#### DATASET EXCERPT
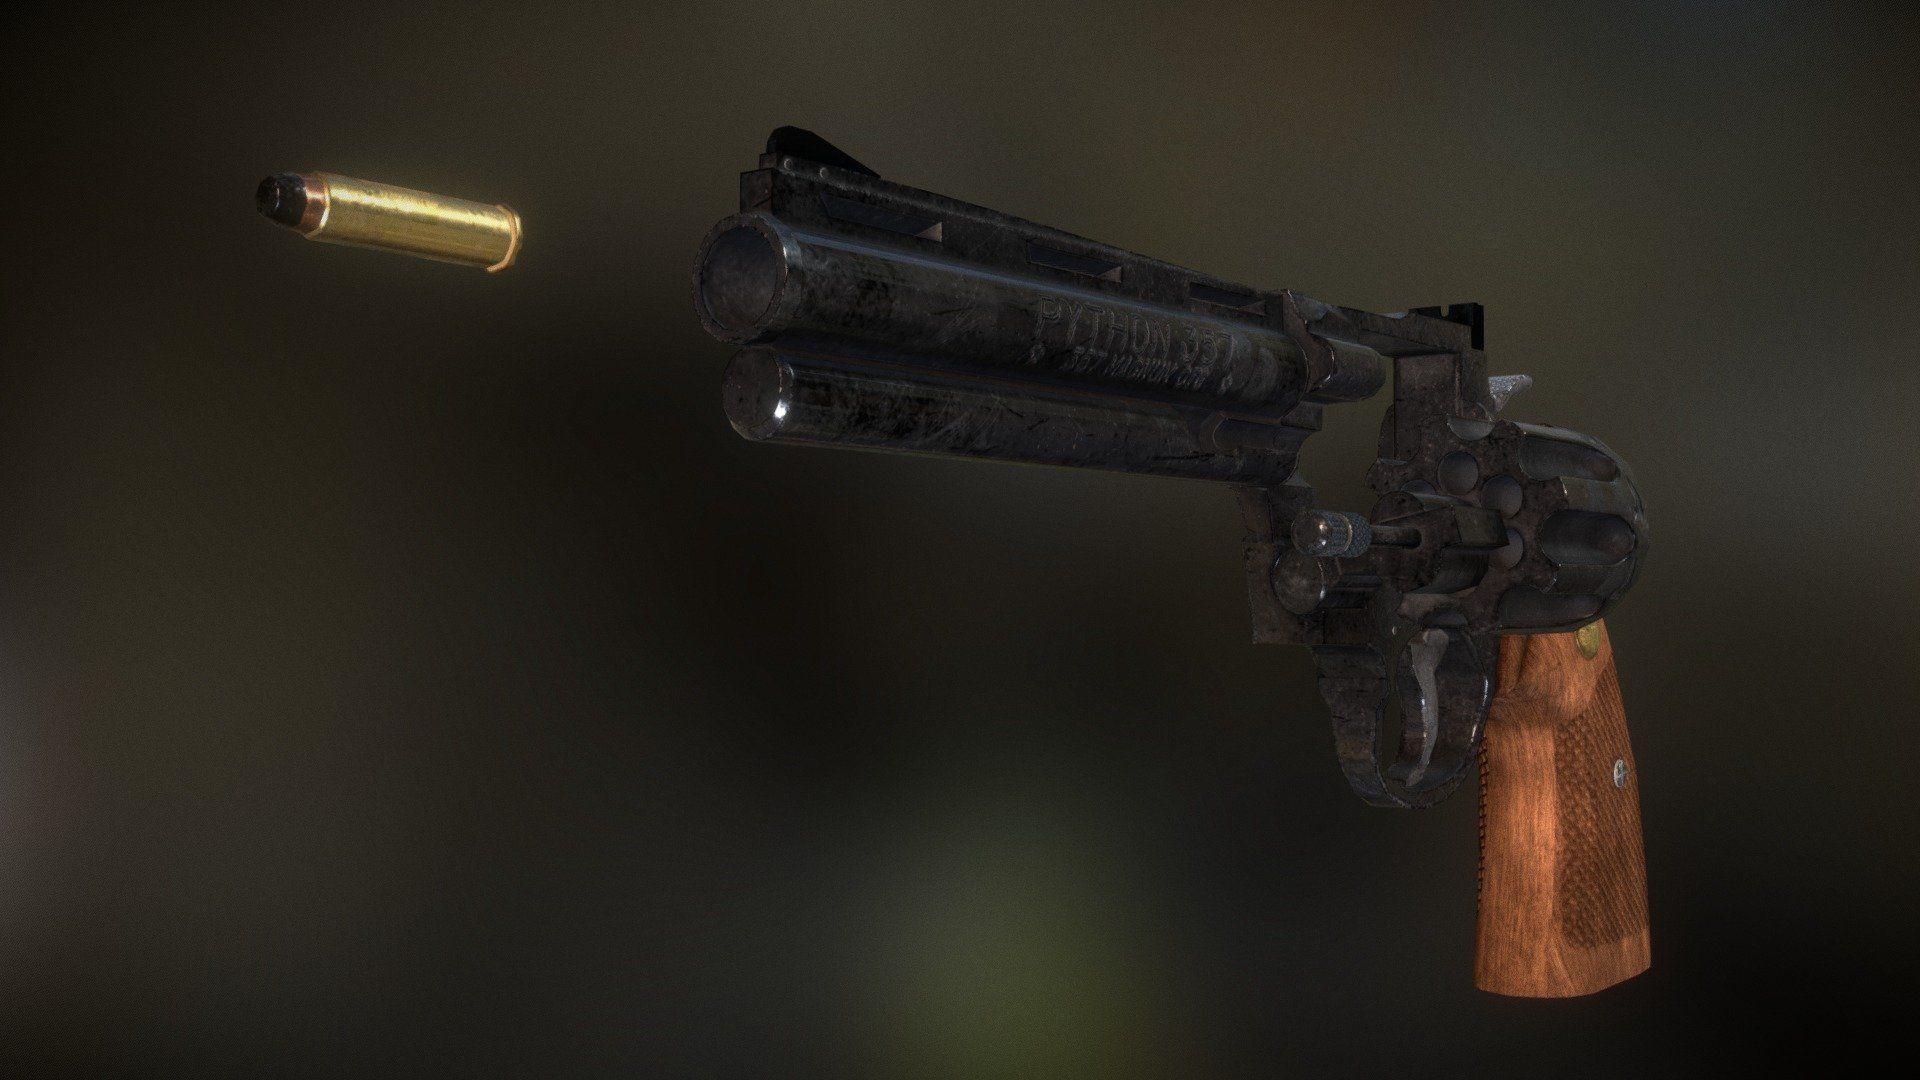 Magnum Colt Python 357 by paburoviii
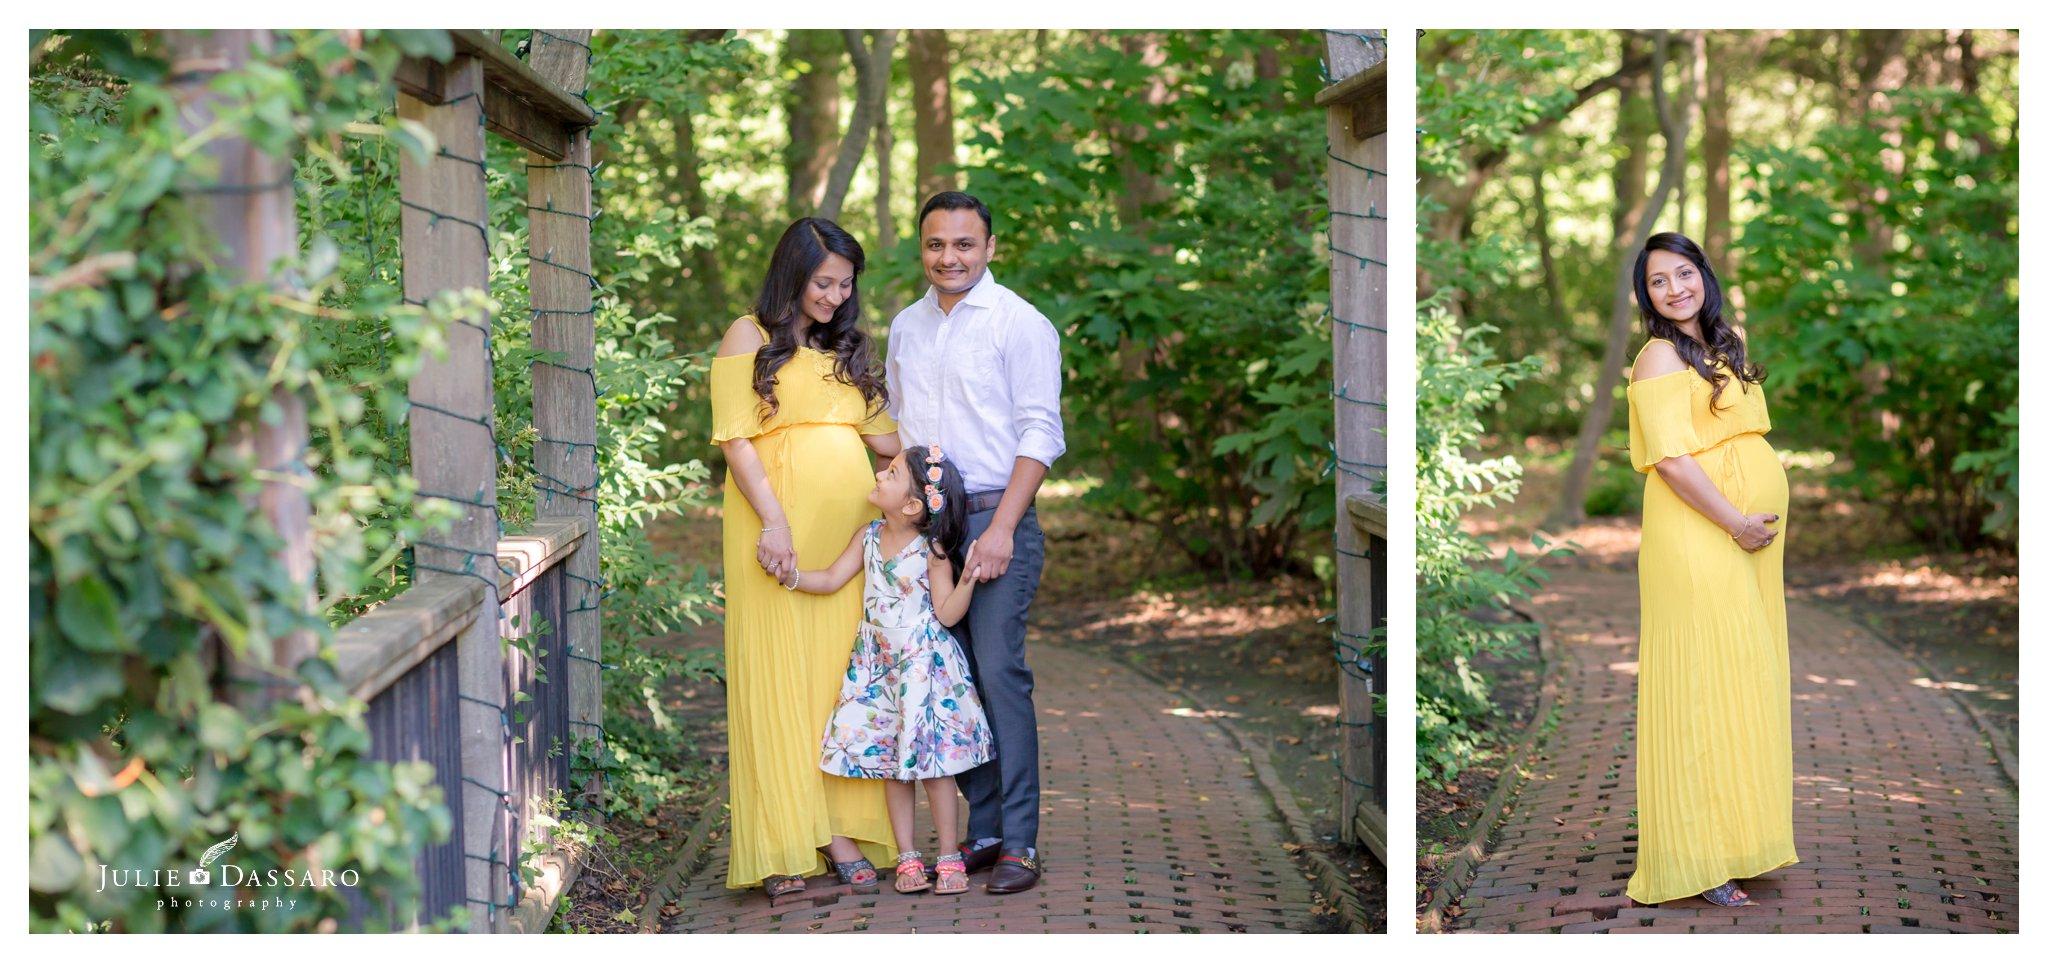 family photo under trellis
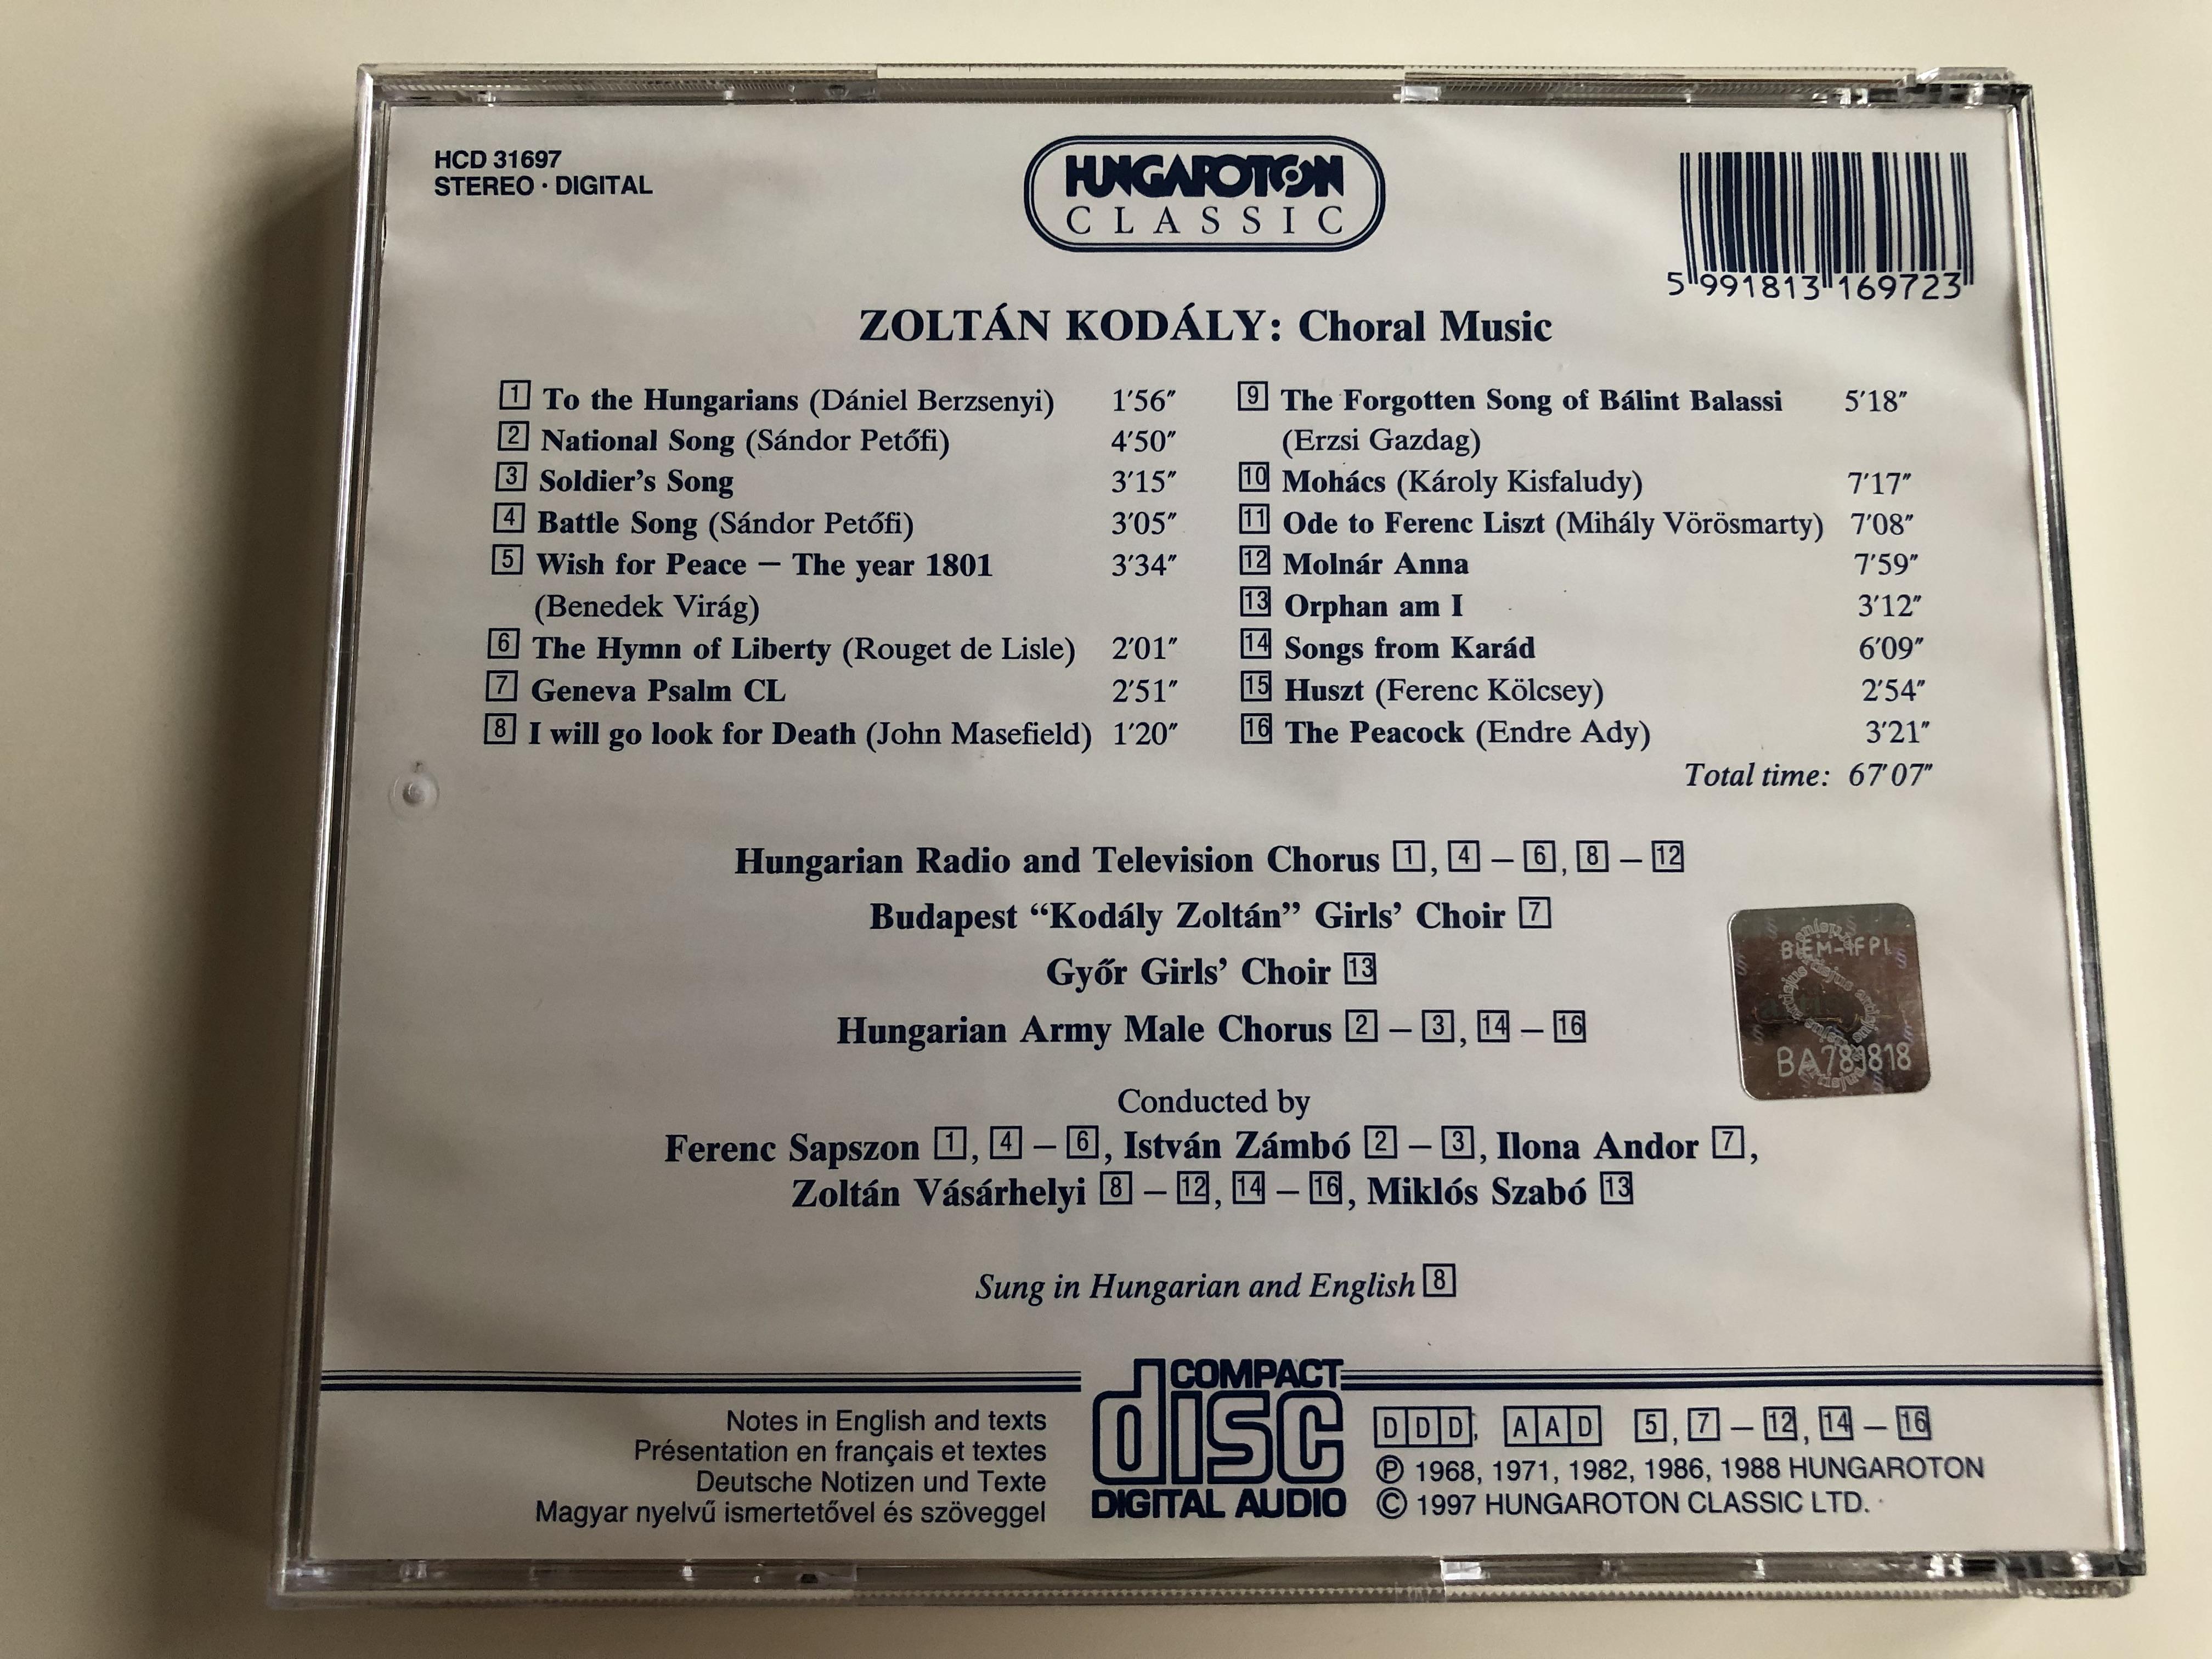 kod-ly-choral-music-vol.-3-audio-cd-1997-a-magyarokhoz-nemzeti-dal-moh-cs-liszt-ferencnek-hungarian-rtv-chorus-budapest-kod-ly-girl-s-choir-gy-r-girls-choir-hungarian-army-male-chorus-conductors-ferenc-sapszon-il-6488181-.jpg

#### WHAT THE TASK ASKS
Output every line above exactly as it stands, and drop any picture.

#### YOUR SOLUTION
 Magnum Colt Python 357 by paburoviii
 family photo under trellis
 kod-ly-choral-music-vol.-3-audio-cd-1997-a-magyarokhoz-nemzeti-dal-moh-cs-liszt-ferencnek-hungarian-rtv-chorus-budapest-kod-ly-girl-s-choir-gy-r-girls-choir-hungarian-army-male-chorus-conductors-ferenc-sapszon-il-6488181-.jpg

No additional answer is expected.